To be sure, these anecdotes are important to me; they keep my heart smokin’. But my head asks “How do we know that somebody else couldn’t do our job as well, if not better, or that our jobs are even necessary?” Where are the studies that compare genetic counselors to other healthcare providers, or  to smart phone apps for that matter? There are a few studies, but they are limited by small sample sizes or questionable outcome measures like information recall and anxiety. Which genetic counseling patient isn’t rightly anxious and wouldn’t it be more useful to help them cope with their anxiety rather than trying to make it poof-disappear?

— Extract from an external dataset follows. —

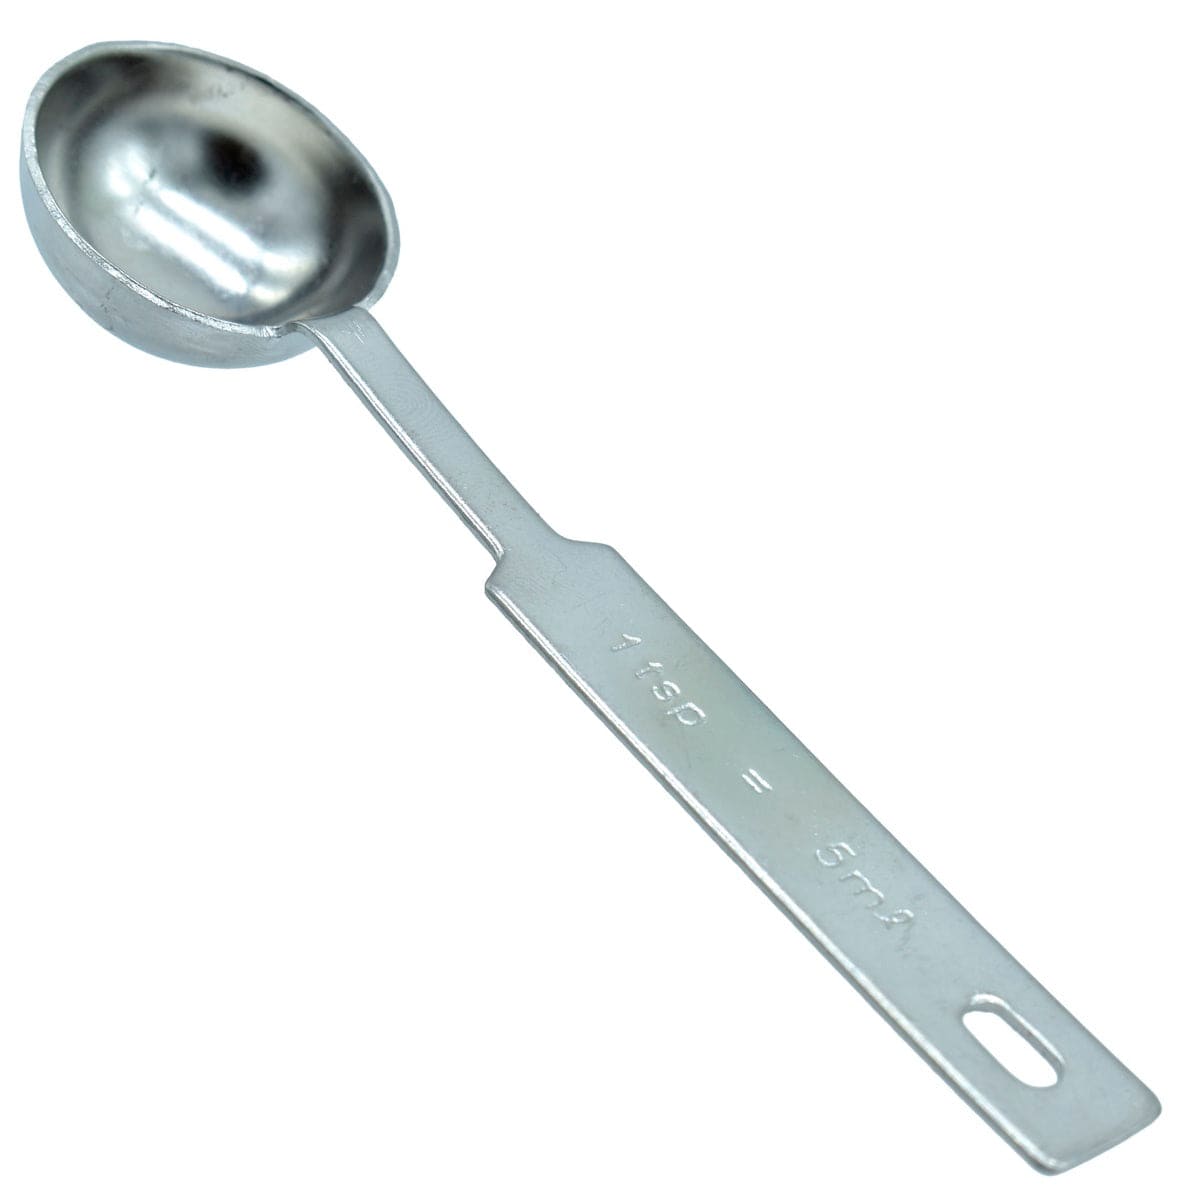 jags-mumbai Wax Stamp & Sealing Measuring Spoon for Sealing Wax
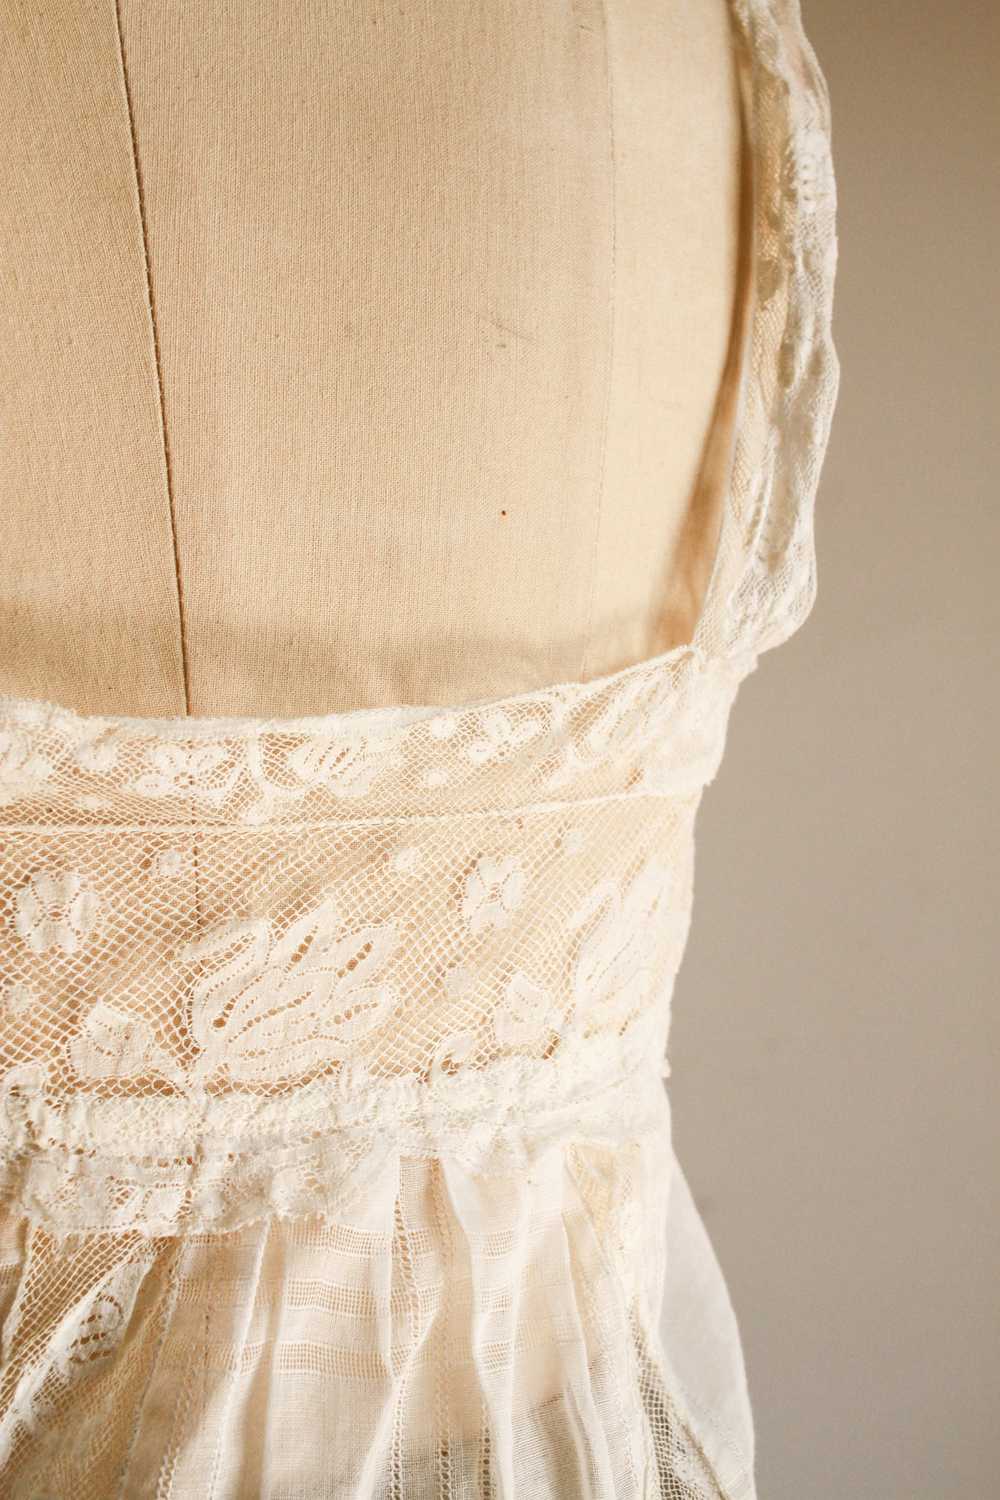 Victorian White Windowpane Cotton Camisole - image 2

So if genetic counselors weren’t here, maybe some people would never quite grasp  the subtleties of x-linked inheritance, the mechanics of adjacent 1 segregation, or the bayesian likelihood that they will have a child with spinal muscular atrophy. Who knows if patients even care about these matters? We all know that knowledge has very little to do with decision-making or adaptation and patients will still be just as anxious.  And if prenatal diagnosis ceased to exist, the net result would be an increase in the number of births of children with Down syndrome . One might argue this is not exactly a public health emergency or a critical failure of the healthcare system.

How can I doubt something I have been doing for three decades? Well, the doubt is mostly in my head, not in my heart. So I challenge you all to restore my faith in this relationship. Prove our value to patients and the healthcare system. Go out and do the studies. Measure all kinds of outcomes – psychosocial adaptation, public health measures like reducing the incidence of serious cancers, quality of decision making (how come nobody tries to measure whether patients make good decisions or bad decisions?), empowerment, perceive personal control, whatever. Do them all.  Let’s finally listen seriously to Shoshana Shiloh, Marion McAllister, Barb Biesecker and the other researchers who have been prodding us for years to examine genetic counseling outcomes. But then be prepared to take a long, hard look at ourselves, what we do, if we should even be doing it, question our assumptions and ethos, and think about how we should change the very nature of genetic counseling. Let’s be sure the relationship is as rewarding for our patients as it is for us. Make the fire in my heart spark some passion in my head.

* – My love for my wife is better evoked by this verse from a Tom Waits song:

In this land there’s a town/In that town there’s a house/ In that house there’s a woman/And in that woman there’s a heart that I love.